In addition to his work on constraining government through rules, Buchanan wrote explicitly about issues in classical liberalism. For example, in his article "The Soul of Classical Liberalism" (2000), which appeared in the Independent Review, Buchanan emphasized the importance of embracing and communicating a moral vision of the goodness of the classical-liberal society. Classical liberalism and the numerous benefits that it generates can endure only when people understand and appreciate those principles that animate the extended order of markets. Such understanding and appreciation require a grand vision of liberalism that will capture the minds and souls of citizens. Buchanan encouraged classical liberals to recognize this issue and actively address it by developing and communicating a cohesive message that would excite the minds of citizens.

In a subsequent paper, "Afraid to Be Free" (2005a), Buchanan emphasized the central importance of a culture of individual responsibility for the feasibility of a free and liberal society.
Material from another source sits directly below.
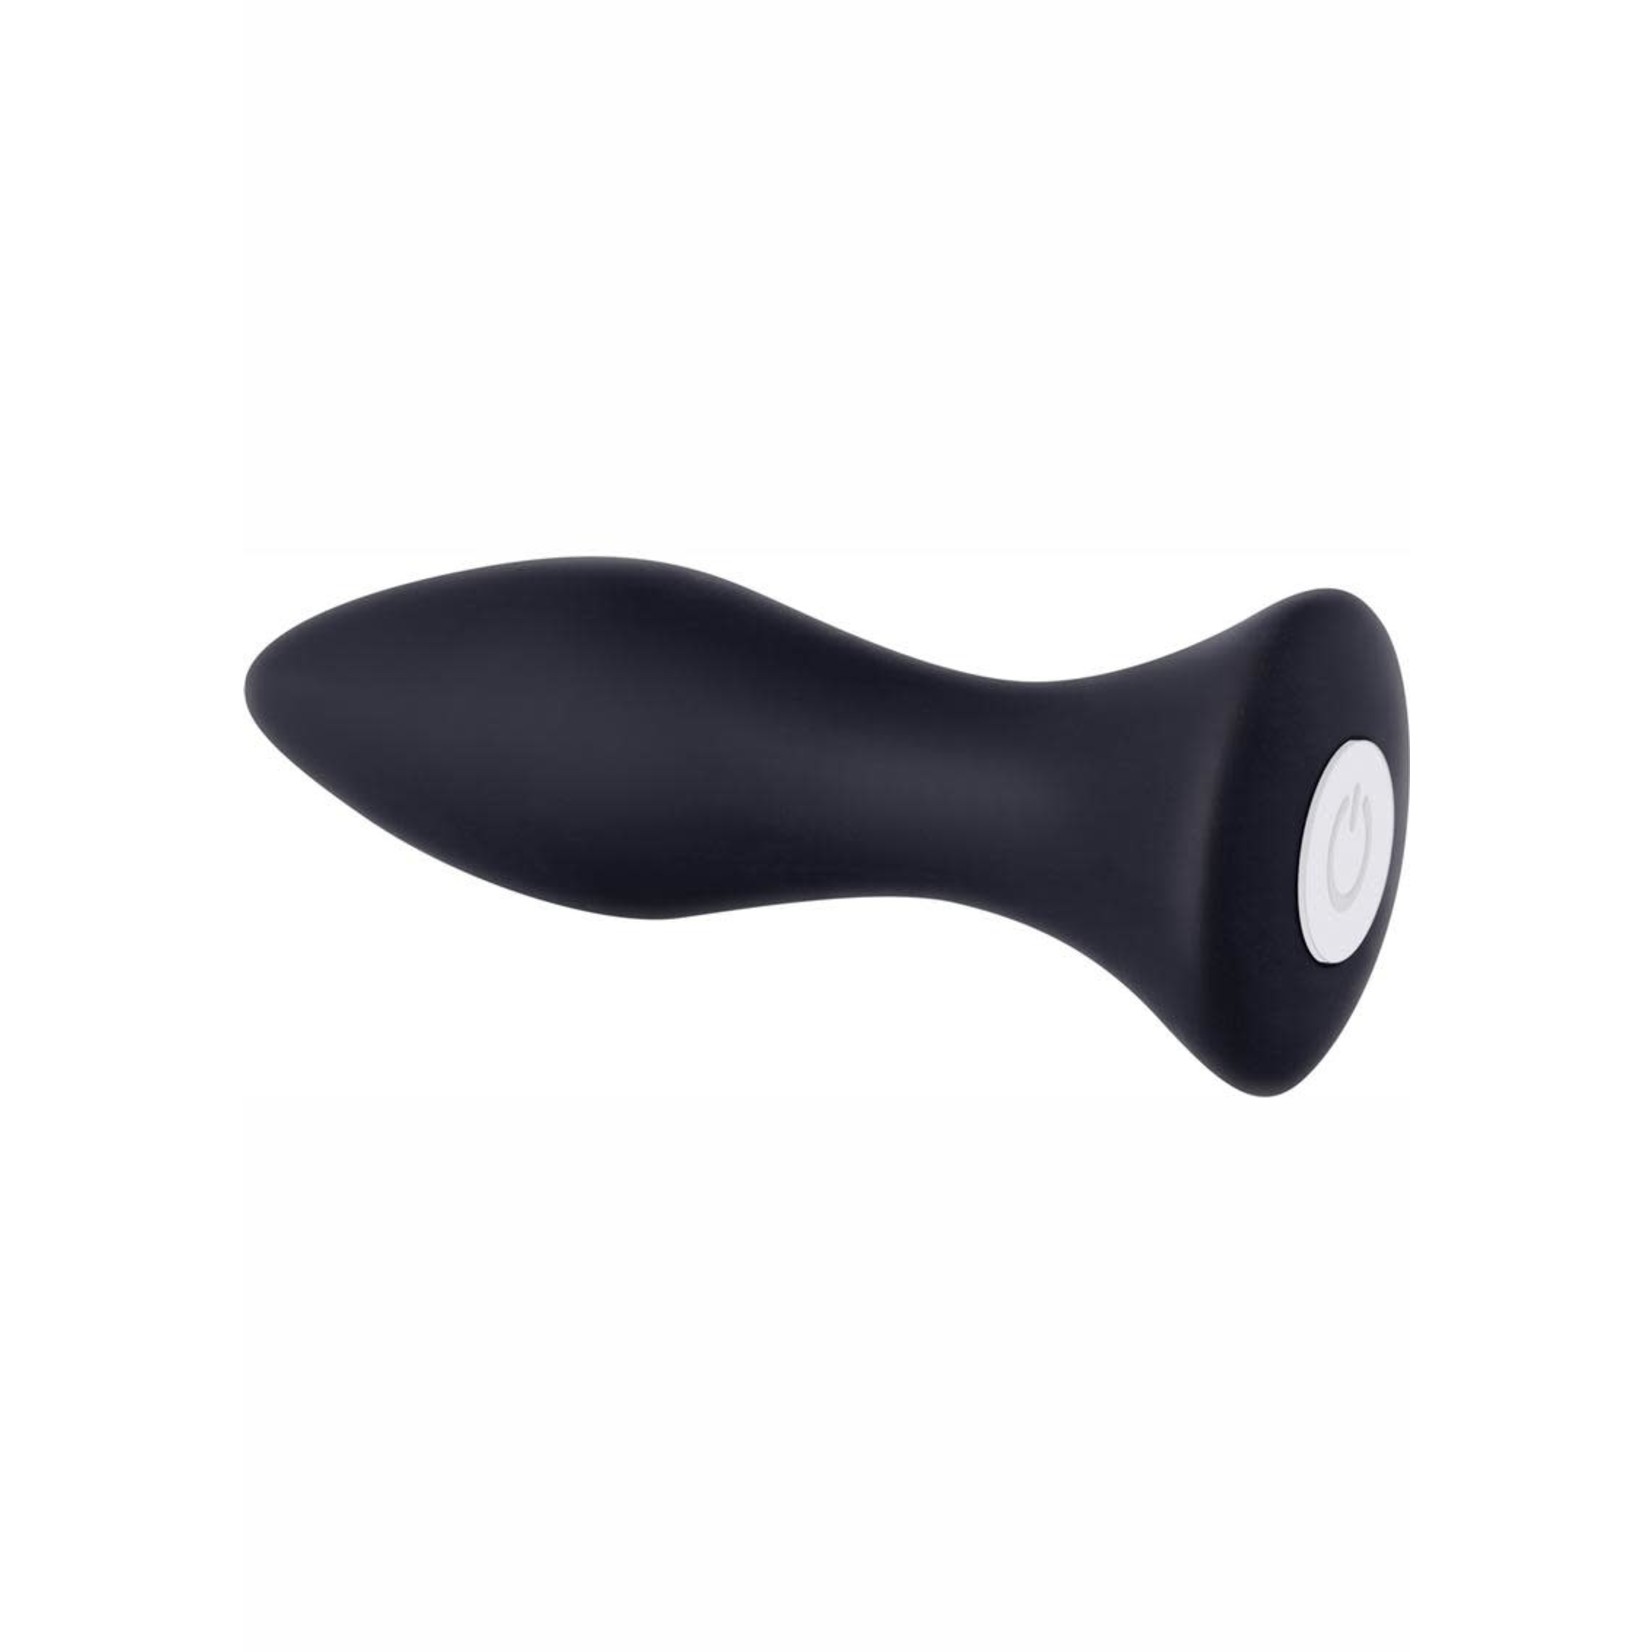 Mighty Mini Rechargeable Silicone Anal Plug With 20 Functions And Speeds - Black

Although collectivist ideas had failed on efficiency grounds, he argued that the collectivist mentality would persist because citizens were comfortable ceding control over their lives to the state in order to avoid having to take personal responsibility. Finally, in Why I, Too, Am Not a Conservative: The Normative Vision of Classical Liberalism (2005b), he paid homage to Friedrich Hayek's "Why I Am Not a Conservative" (1960), where he argued that the central distinction between conservatives and classical liberals was an appreciation and dedication to the rule of law. Here, too, Buchanan emphasized that attitudes of equality, reciprocity, and self-responsibility underpin and are necessary prerequisites for a sustaining classical-liberal society.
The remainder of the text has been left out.